ー結城登美雄「シリーズ地域の再生・1 地元学からの出発」, p.109

 海であれば、皆で魚介を採って加工をし、田畑であればみんなで耕し、植え、育てて収穫をして、保存して...かつてはそうやって皆で食べものを作り、食卓を作ってきたということ。それが、土地土地の、家族の暮らしであったというお話を、結城先生はしてくださいました。
 それがいつの間にか、食べ物はお金で買うもの、食卓は買ってきたものを食べる場、というのが当たり前の生活になっていったのが現代の消費社会であり、なんでもすぐ手に入り便利だけれど、生きるための食卓をみんなで作るという本来の「暮らし」からは、どんどん遠ざかっているように思います。

 そして「糧飯かてめし」のお話。糧飯とは、農山漁村のお母さんたちが、その時々、季節の食材や保存しておいた具材を入れて作る混ぜご飯のことです。

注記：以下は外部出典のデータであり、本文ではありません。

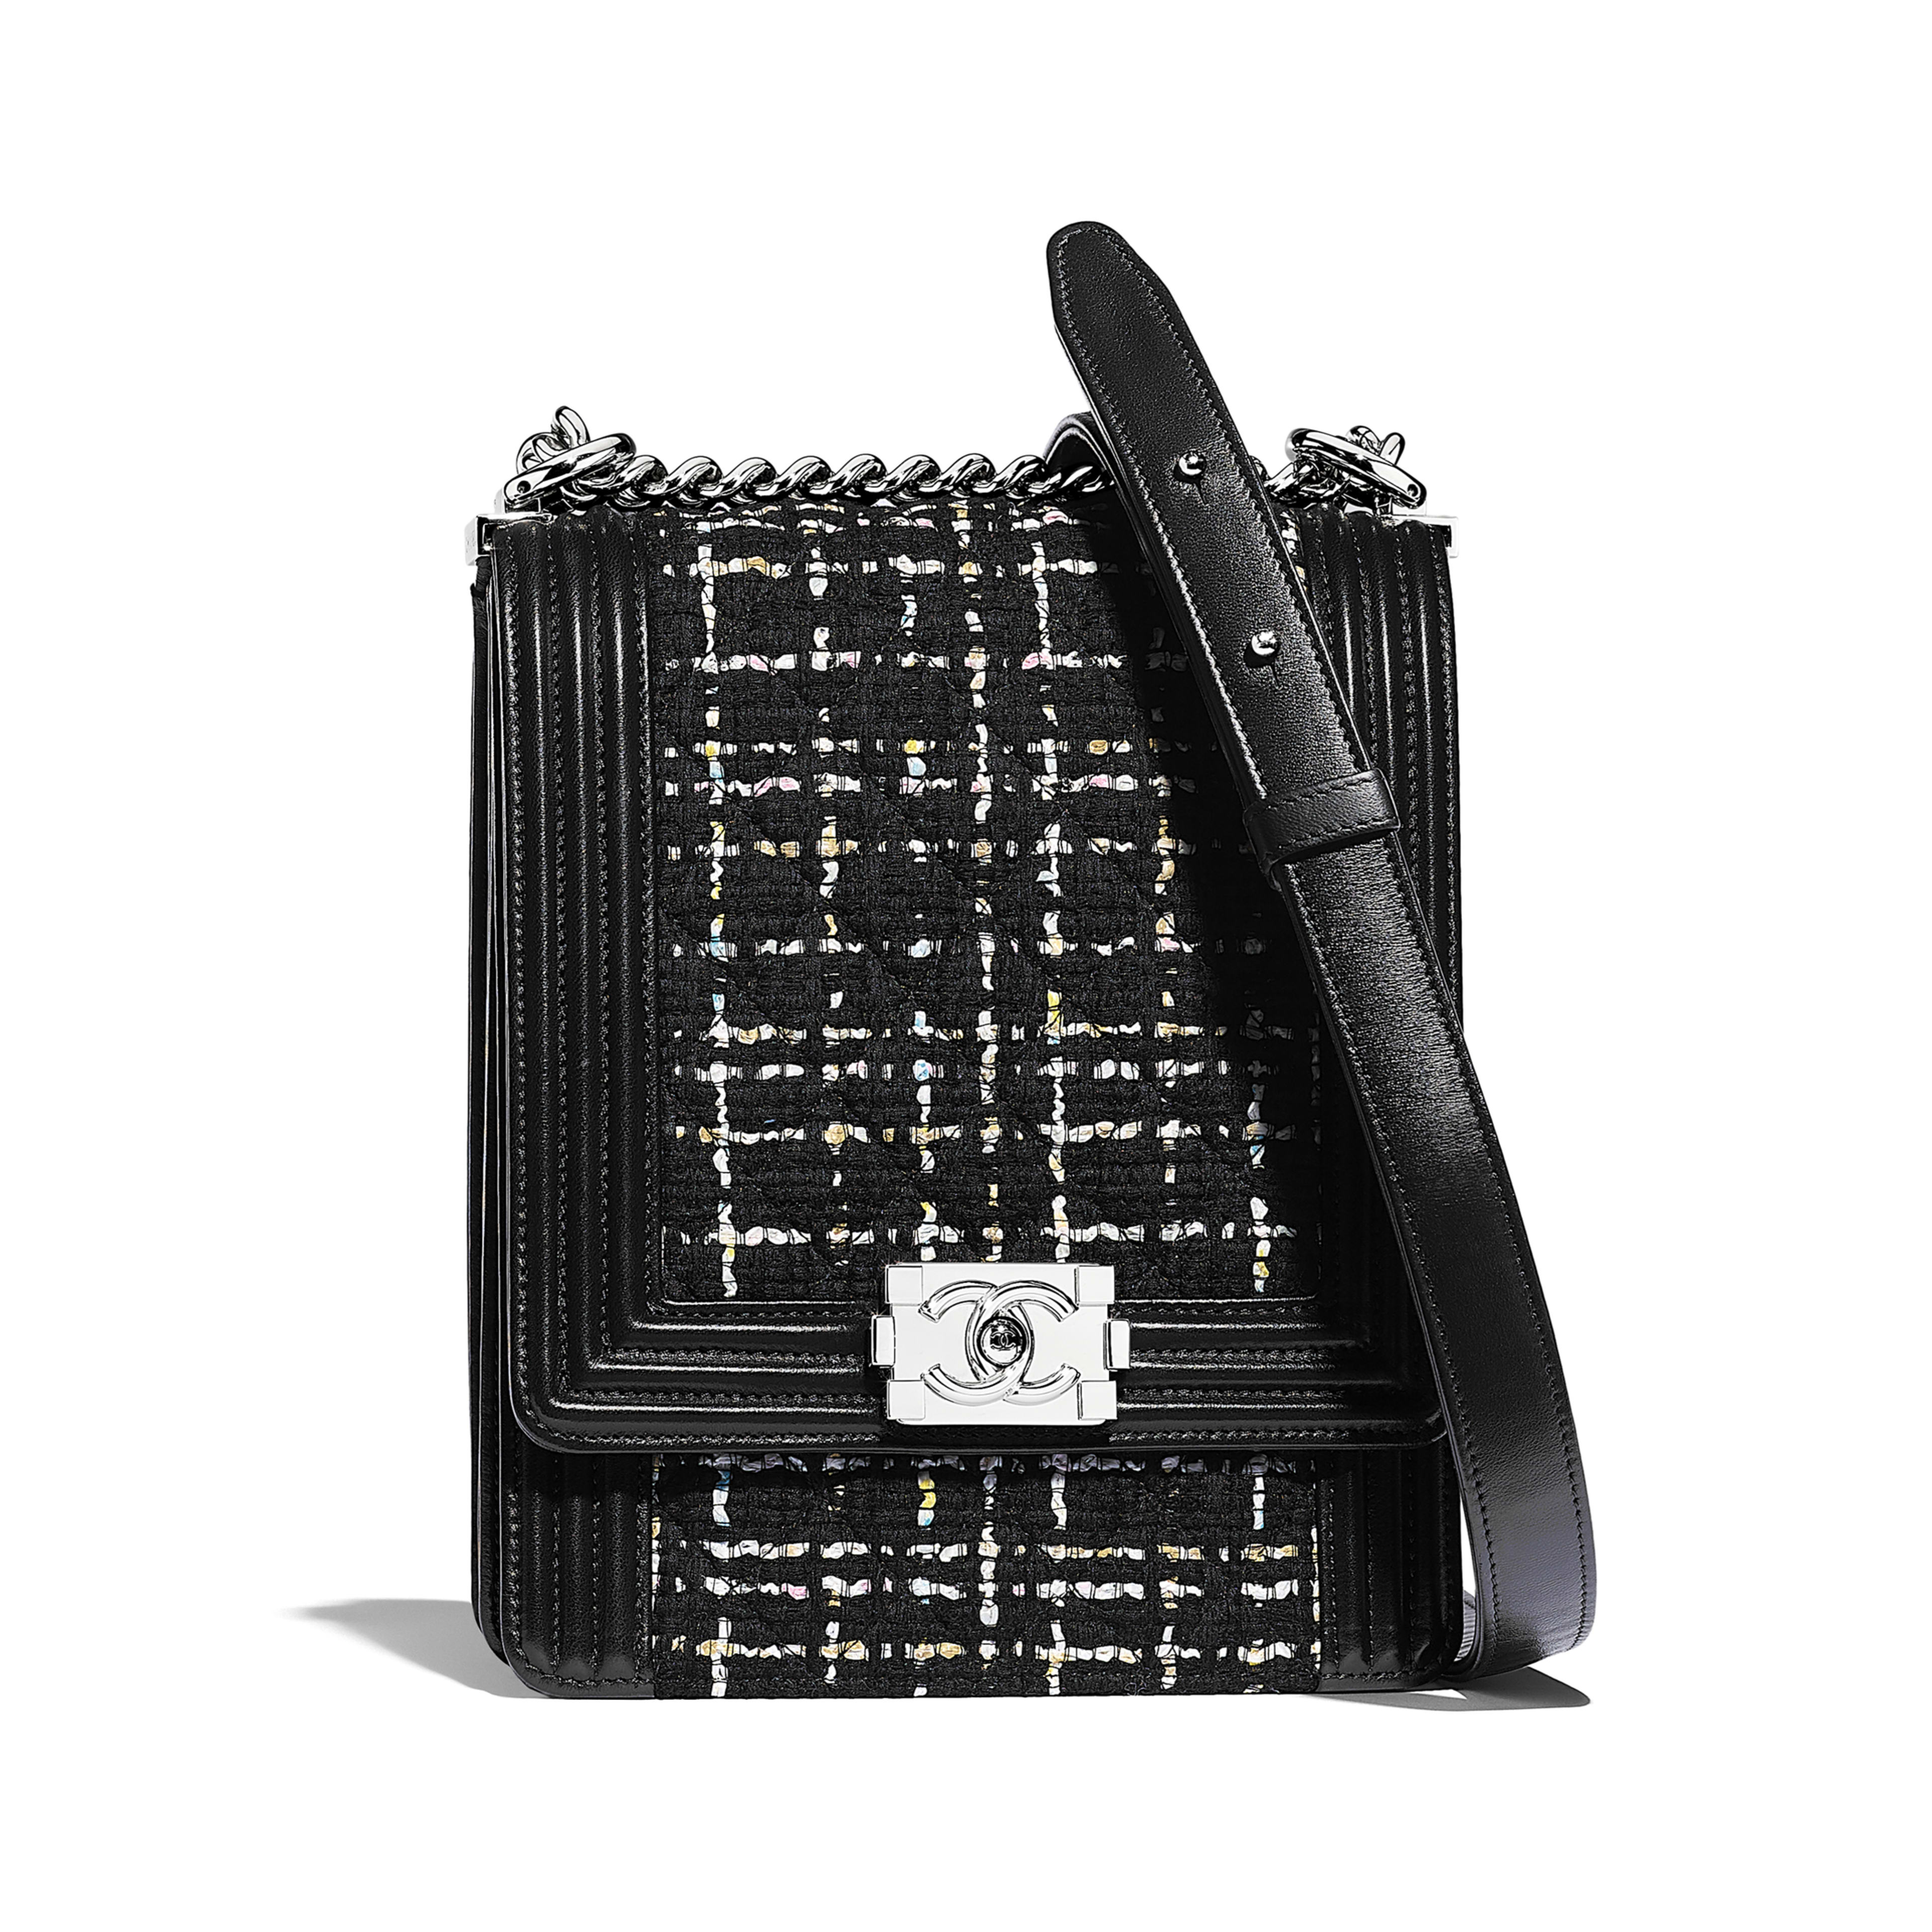 f4117096319b00 Boy Chanel Handbag Tweed Calfskin Silver Tone Metal Black

「糧飯ってちょっと”貧乏だ”みたいなイメージがあるんですが、違うんです。合わせ飯、混ぜ飯と考えていいと思います。背景は、何があるかっていうと、労働です。糧飯の多いところ、混ぜ飯の多いところは、養蚕(ようさん)地帯。母ちゃんたちは朝の5時ぐらいから夜の10時まで蚕の世話しなきゃいけない。ー(中略)ー 時間空いたときに、野菜を煮しめたり、いろいろ作っておいて、ご飯炊いたときにのっけて混ぜ飯にして。
だから、厳しい労働の背景に生まれたのが糧飯です。
 働く女たちが、限られた時間の中で、それでもおいしく家族に喜んでもらえるために工夫をしたと僕は思う。これが糧飯です。」
講演会録画記録 2021年5月23日開催 いしのまきリサイクリエーション研究会 「石巻のもう一つの宝を探す」講師:結城登美雄 より抜粋

 ひじきご飯にじゃこご飯、たけのこご飯や山菜ご飯...。忙しい農業や漁業の合間に、お母さんたちが工夫して作ってきたご飯を糧飯と呼ぶことを、私は今回初めて知りました。
 家族の健康を気遣い、仕事の合間にも手早く、おいしく食べられるように、との願いのこもった一品。これもまた、自然を相手に働く人たちの、暮らしの知恵の結集です。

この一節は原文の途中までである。